Едиге чуть вилку не выронил — до того был он ошеломлен. С минуту он сидел в совершенном замешательстве, не зная, что ответить. Потом выцедил себе в стопку весь, до последней капли, коньяк и опрокинул в рот, забыв чокнуться со стариком.
Кульдари наслаждался эффектом.
— Я уже давно вынашиваю эту книгу, но только теперь, на пенсии, освободился от посторонних дел… Это будет великая, возможно, — величайшая из книг… Да, да — величайшая из книг о нашем времени, величайшем из всех времен. В ней сольются традиции древней поэзии и дух атомного века. Название у меня готово. «Хамса», так я назову свою эпопею. А?.. Что вы на это скажете?.. Но моя «Хамса» — совсем не то, что «Хамса» у Низами, Навои, Физули, Хосров… Кому теперь интересны такие пустяки, как любовные шашни какого-то Меджнуна и Лейлы, например… Это все не для нашего времени, не для нынешней великой эпохи!.. Разве я не прав?..
— Отчего же, вы абсолютно правы, — сказал Едиге.
Он приподнял опустевший графинчик за узкое горлышко, с досадой поболтал в воздухе — официантка была далеко.
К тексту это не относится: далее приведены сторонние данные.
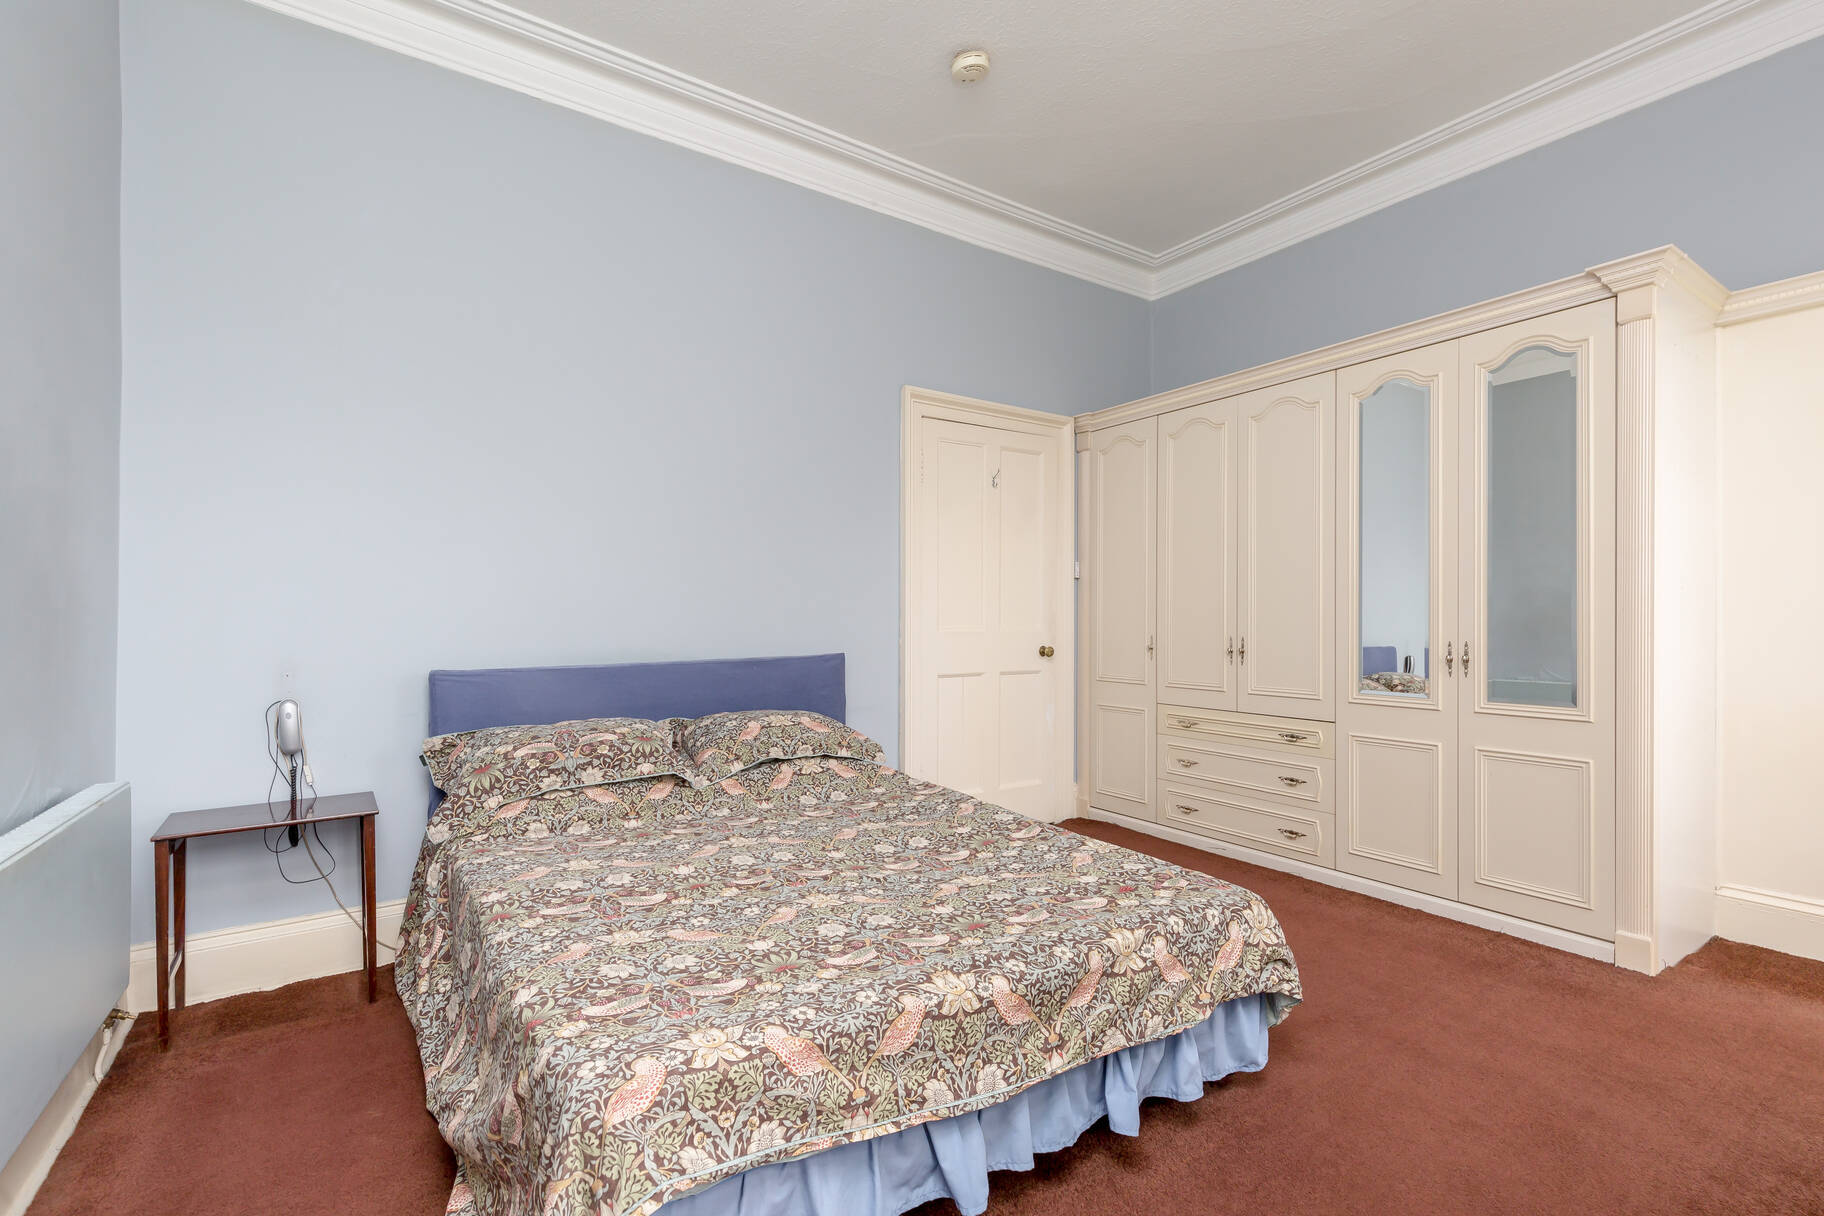 51 Mount Vernon Road, Edinburgh, EH16 6JG

— Но такая книга должна иметь соответственную форму! — В голосе Кульдари звучало торжество. — Возможно, вы слышали, что слово «хамса» означает «пять книг»… Теперешняя молодежь совсем не знает восточной литературы… Пять книг. Свою эпопею я создам в пяти книгах. Вот почему она и называется — «Хамса». Но если кто-нибудь вздумает уличить меня в формализме, приписать… Я опровергну, все опровергну!.. Все обвинения!.. У меня форма в полном соответствии с содержанием! Кульдари все знает сам, не надо его учить… К тому же история, если в нее глубоко проникнуть, как раз и требует членения на пять частей, пять звеньев… Не думайте, я не хвастаюсь, не преувеличиваю собственных заслуг… Но я работаю, тружусь день и ночь и верю: моя книга будет именно такой, какую давно ждут люди!..
— Ваши намерения благородны и достойны всяческой похвалы, — стараясь не улыбнуться в открытую, произнес Едиге. — Но нужно учитывать еще и особенности жанра. Тут дело не в одном поэтическом таланте…
— Не беспокойтесь… — Кульдари усмехнулся. — Не беспокойтесь, молодой человек, что касается таланта… Его у меня вполне достаточно. К тому же тема… Такая тема сама по себе способна вдохновить, окрылить фантазию. А вот вы… Да, да, вы, молодой человек, — тут в глазах его полыхнуло пламя, — вы хотите, чтобы я от нее отказался! И затеваете разговоры о «поэтическом таланте»… Талант! Да тут еще шаг — и… Не шутите с огнем, юноша! По-вашему, конечно, и у Абая был талант?.. У того Абая, который предавался безысходному пессимизму, когда писал: «Не находя лекарства, чувствую, как печаль огнем сжигает грудь мою…» А?.. Это вы и называете поэтическим талантом?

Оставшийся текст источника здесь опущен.